Data from: Population divergence in compensatory growth responses and their costs in sticklebacks
Ab Ghani, Nurul Izza; Merilä, Juha (2015), Data from: Population divergence in compensatory growth responses and their costs in sticklebacks, Dryad, Dataset, https://doi.org/10.5061/dryad.40r32
Compensatory growth (CG) may be an adaptive mechanism that helps to restore an organisms’ growth trajectory and adult size from deviations caused by early life resource limitation. Yet, few studies have investigated the genetic basis of CG potential and existence of genetically based population differentiation in CG potential. We studied population differentiation, genetic basis, and costs of CG potential in nine-spined sticklebacks (Pungitius pungitius) differing in their normal growth patterns. As selection favors large body size in pond and small body size in marine populations, we expected CG to occur in the pond but not in the marine population.
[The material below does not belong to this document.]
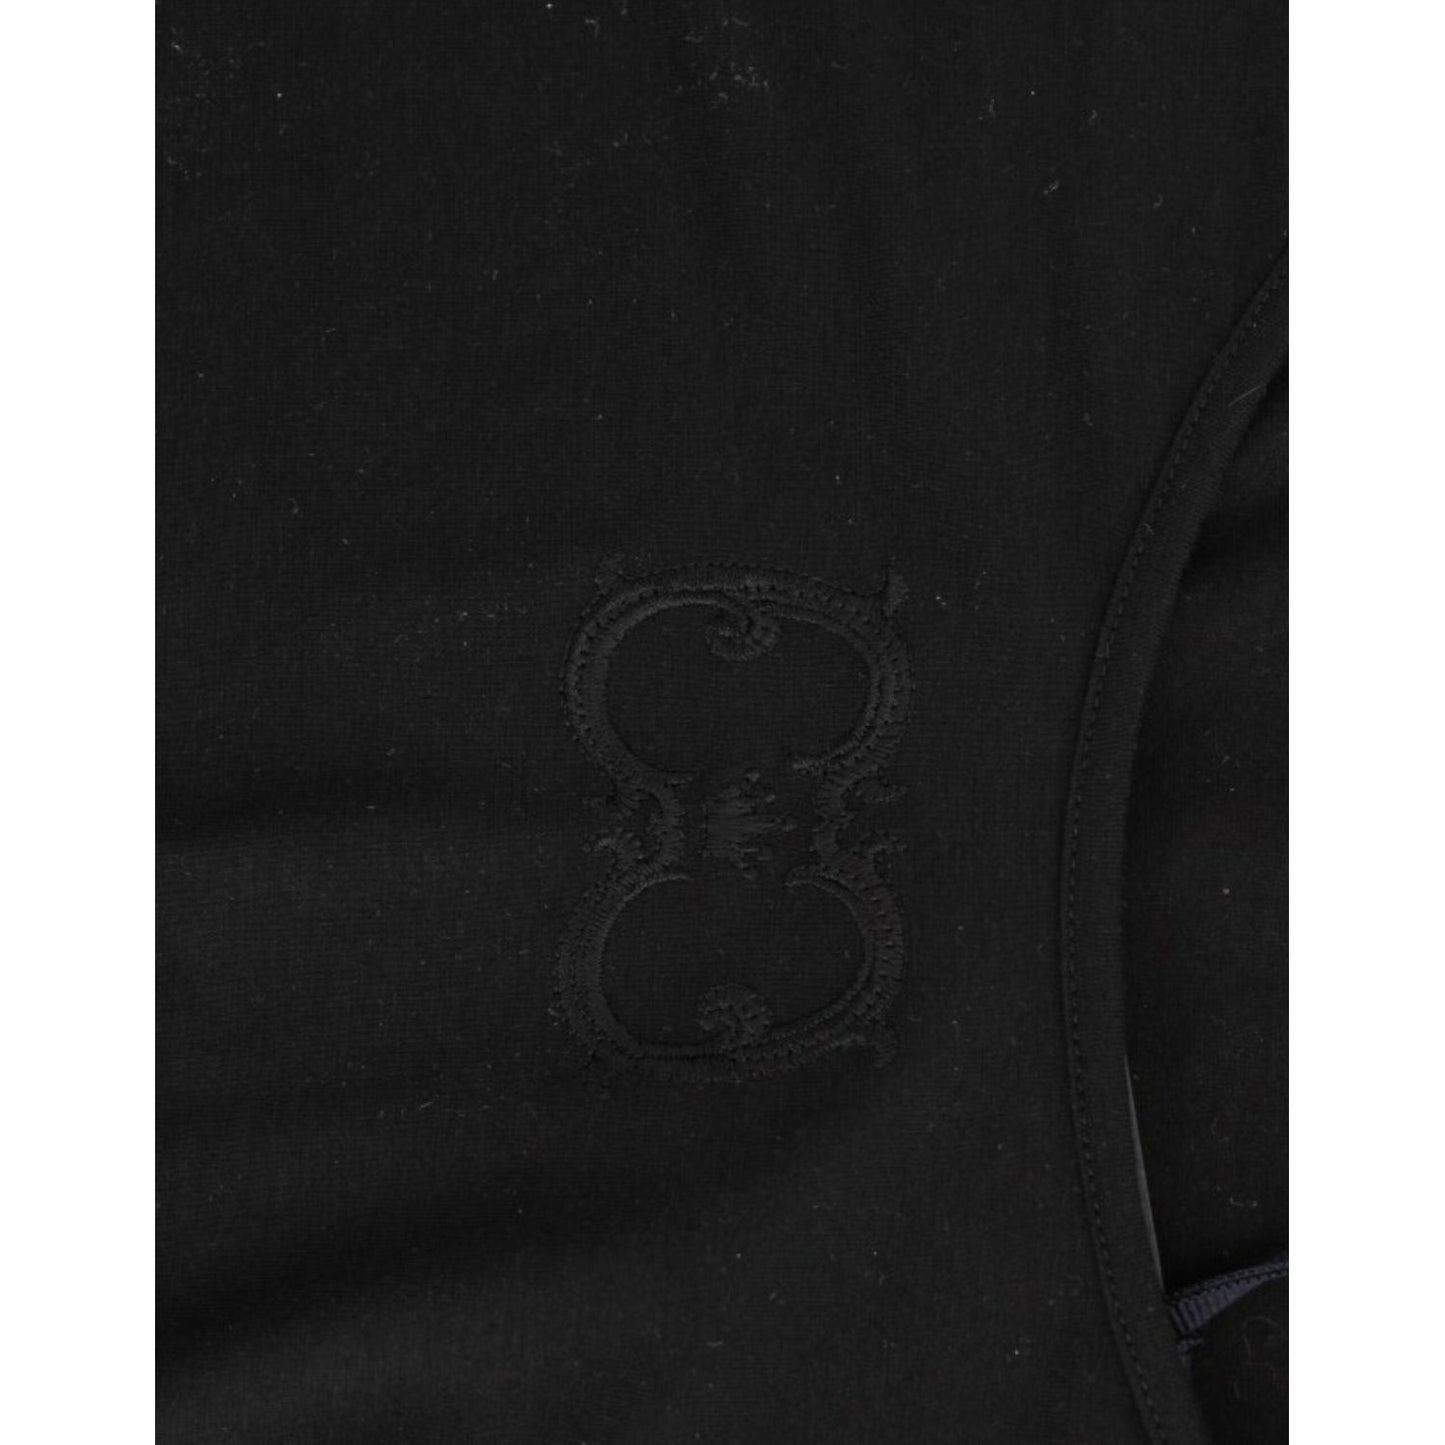 Cavalli Elegant Cap Sleeve Black Top black-cotton-top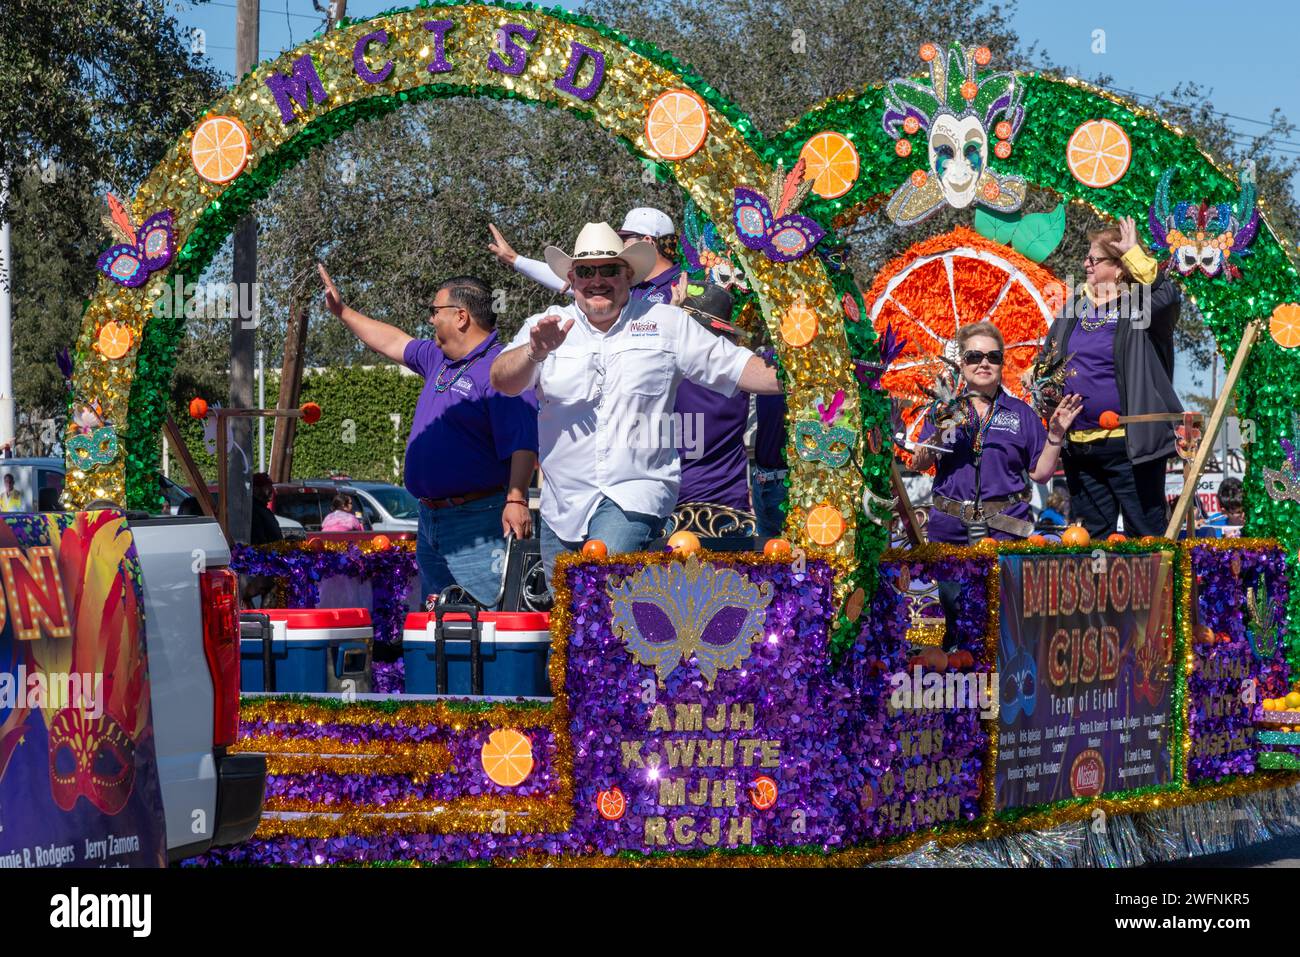 Bei der 92. Jährlichen Texas Citrus Fiesta Parade of Oranges, Mission, Texas, USA, winken die Menschen vom violetten und grünen Paradewagen für den Mission School District. Stockfoto

By manipulating feeding conditions (viz. high, low and recovery feeding treatments), we found clear evidence for CG in the pond but not in the marine population, as well as evidence for catch-up growth (i.e., size compensation without growth acceleration) in both populations. In the marine population, overcompensation occurred individuals from the recovery treatment grew eventually larger than those from the high feeding treatment. In both populations, the recovery feeding treatment reduced maturation probability. The recovery feeding treatment also reduced survival probability in the marine but not in the pond population. Analysis of interpopulation hybrids further suggested that both genetic and maternal effects contributed to the population differences in CG. Hence, apart from demonstrating intrinsic costs for recovery growth, both genetic and maternal effects were identified to be important modulators of CG responses. The results provide an evidence for adaptive differentiation in recovery growth potential.